Any pointers, or any advice on how to clean up my code/make more pythonic would be appreciated.
graph = {'A': ['B','Y','D', 'E',],
'B': ['F','F'],
'C': ['F'],
'D': [],
'E': ['F','G'],
'F': ['F','A'],
'G': ['E','K'],
'K': ['M','L']
}
def bfs(graph,start,end):
vertex = [start]
history = []
# create new node to be iterated through
# update history
# update vertex
while vertex: # while vertex is not empty. len(li) == 0:
node = vertex[0] # get the 0th element of the vertex
history.append(node)
print(node)
vertex.pop(0) # pop the 0th element of the vertex
if node == end:
return end
# iterate through the graph. gather all of the values per node
for i in graph.get(node, '/'): # if key does not exist, print '/'
if i: #if i is not empty
vertex.append(i)
# append the dict values into vertex list
print('vertex',vertex)
if i in history:
vertex.pop(-1)
2 Answers 2
1. Bug
A correct implementation of breadth-first search visits each node at most once, but the code in the post visits some nodes multiple times.
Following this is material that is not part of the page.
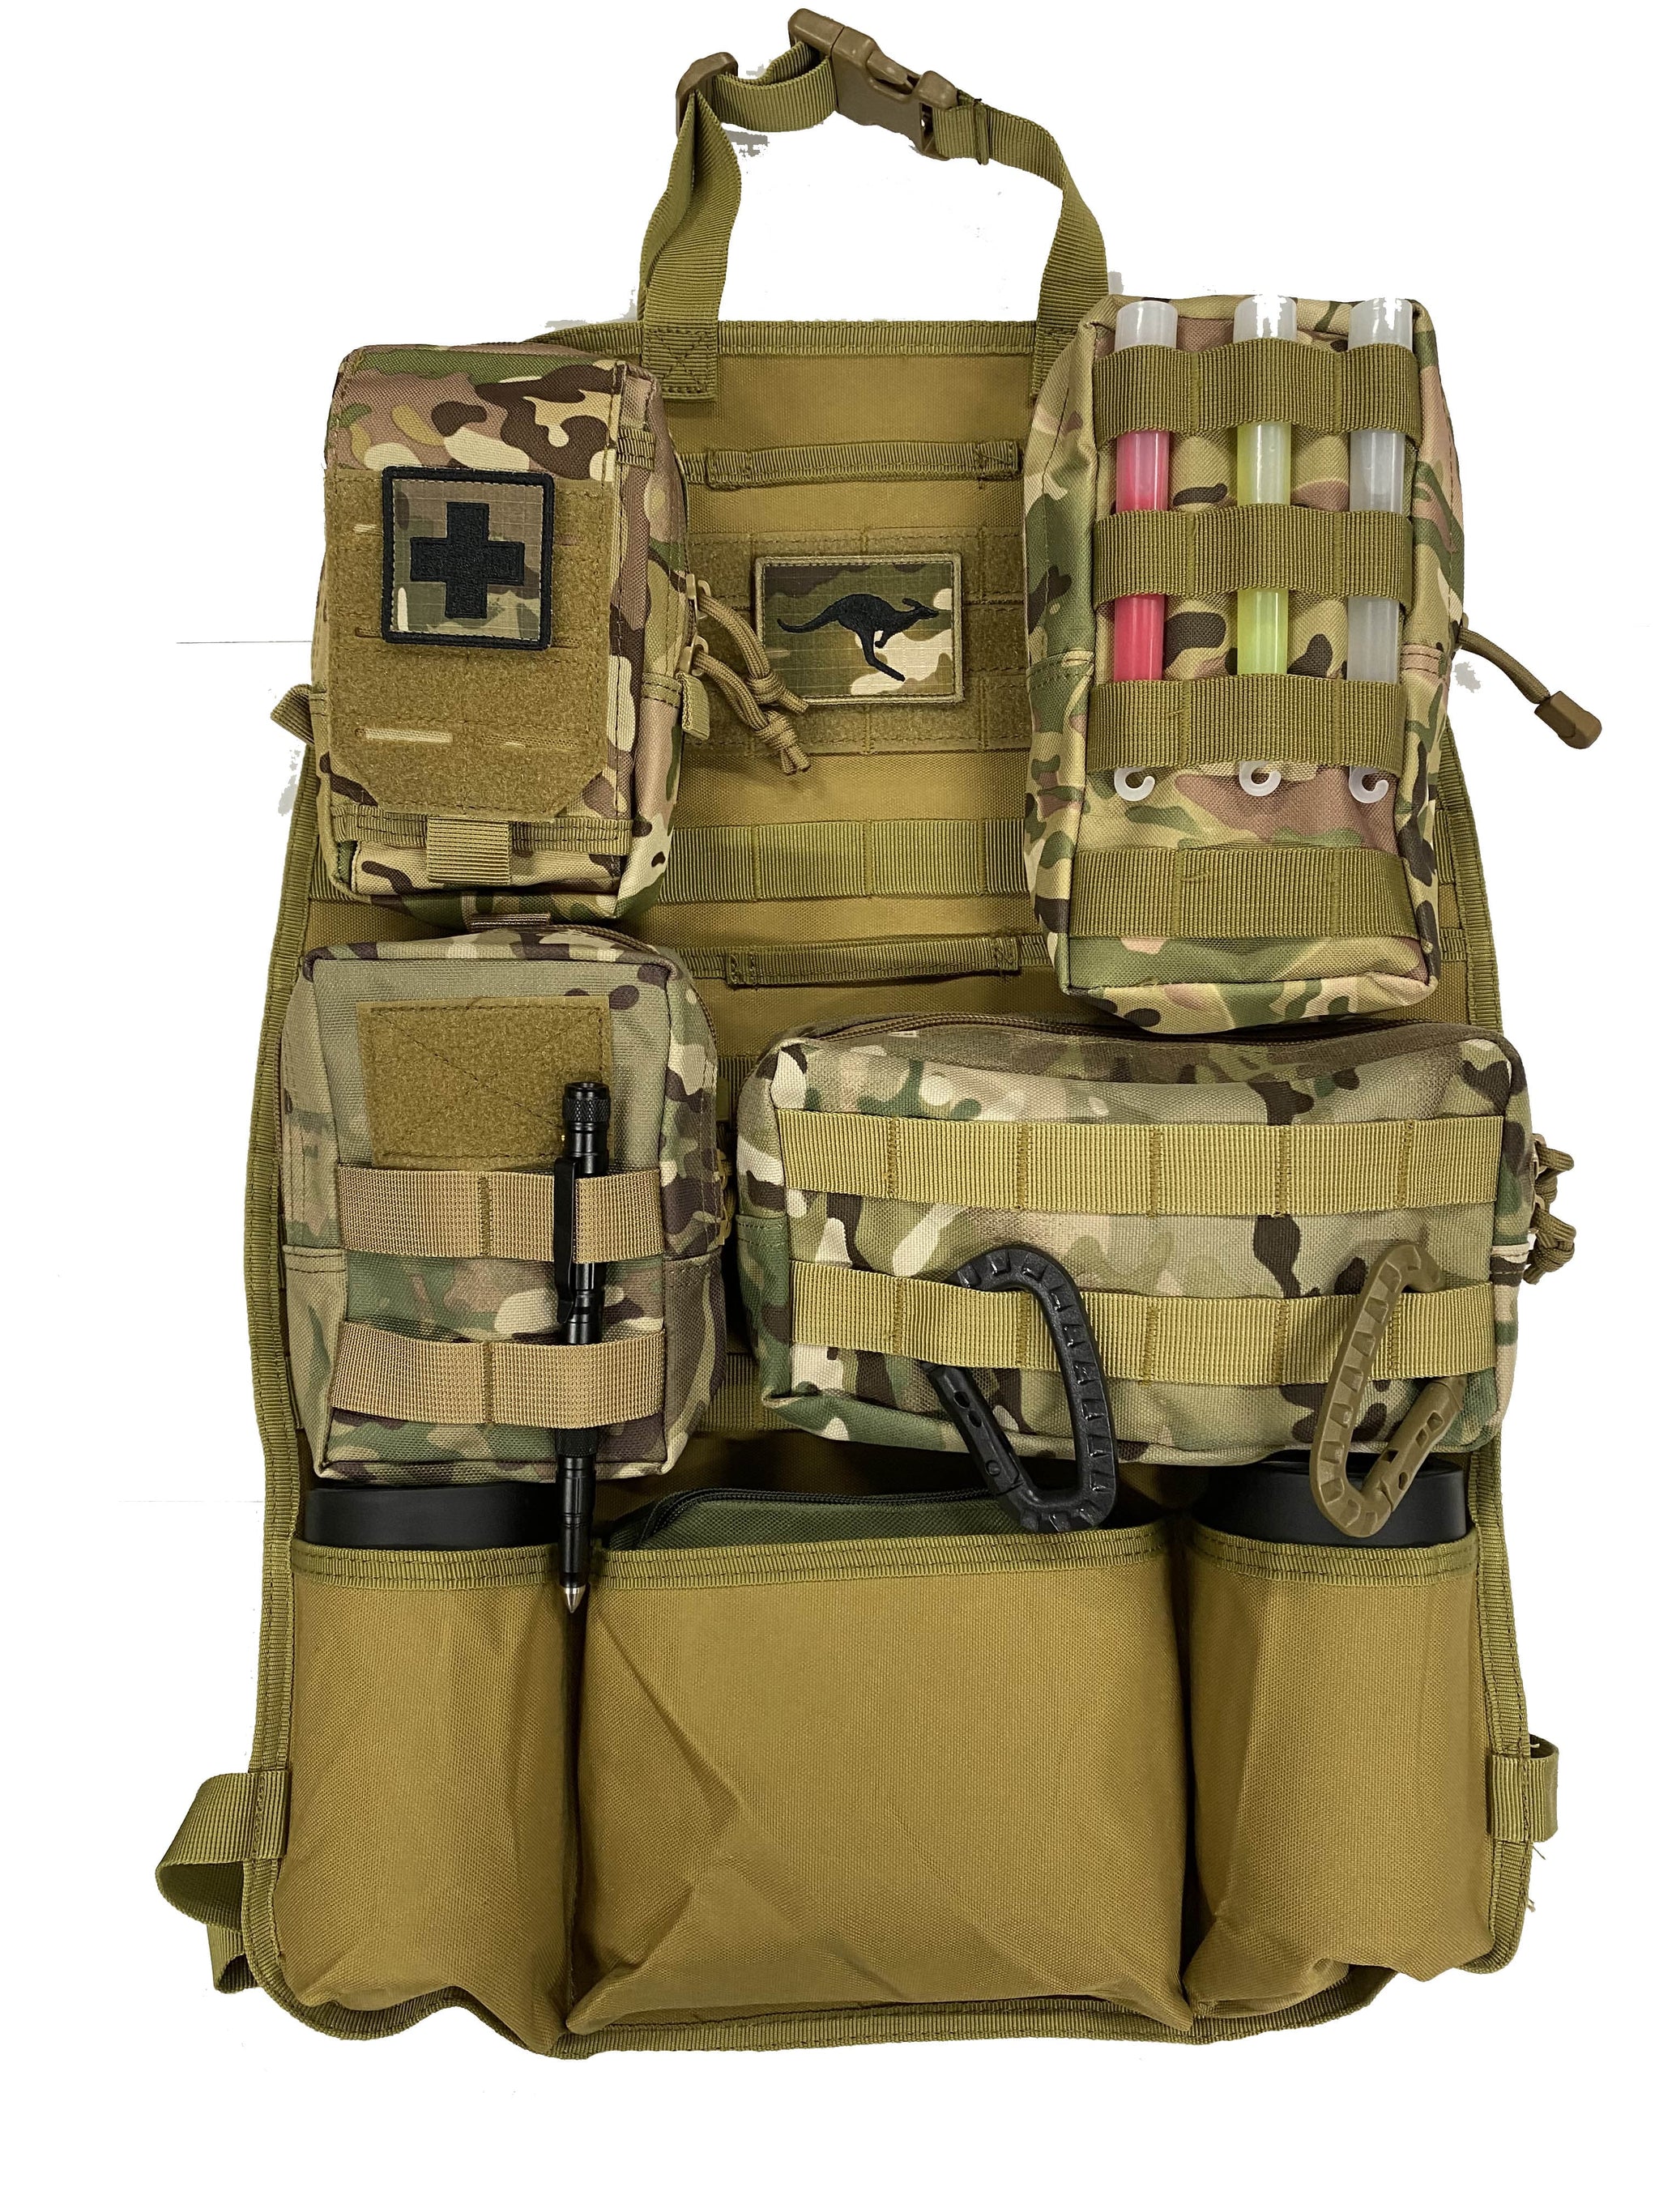 RECON Mil Spec Tactical seat organizer complete with 4 MOLLE

In this example, \$C\$ gets visited twice:
>>> graph = {'A': 'BC', 'B': 'C', 'C': 'A'}
>>> bfs(graph, 'A', 'Z')
A
vertex ['B']
vertex ['B', 'C']
B
vertex ['C', 'C']
C
vertex ['C', 'A']
C
vertex ['A']
The problem is that a node is only added to the history
list after you pop it from the vertex
list. But that means that if there are multiple paths to a node, then it can be added to the vertex
list multiple times (as in the example above, where node \$C\$ gets added twice).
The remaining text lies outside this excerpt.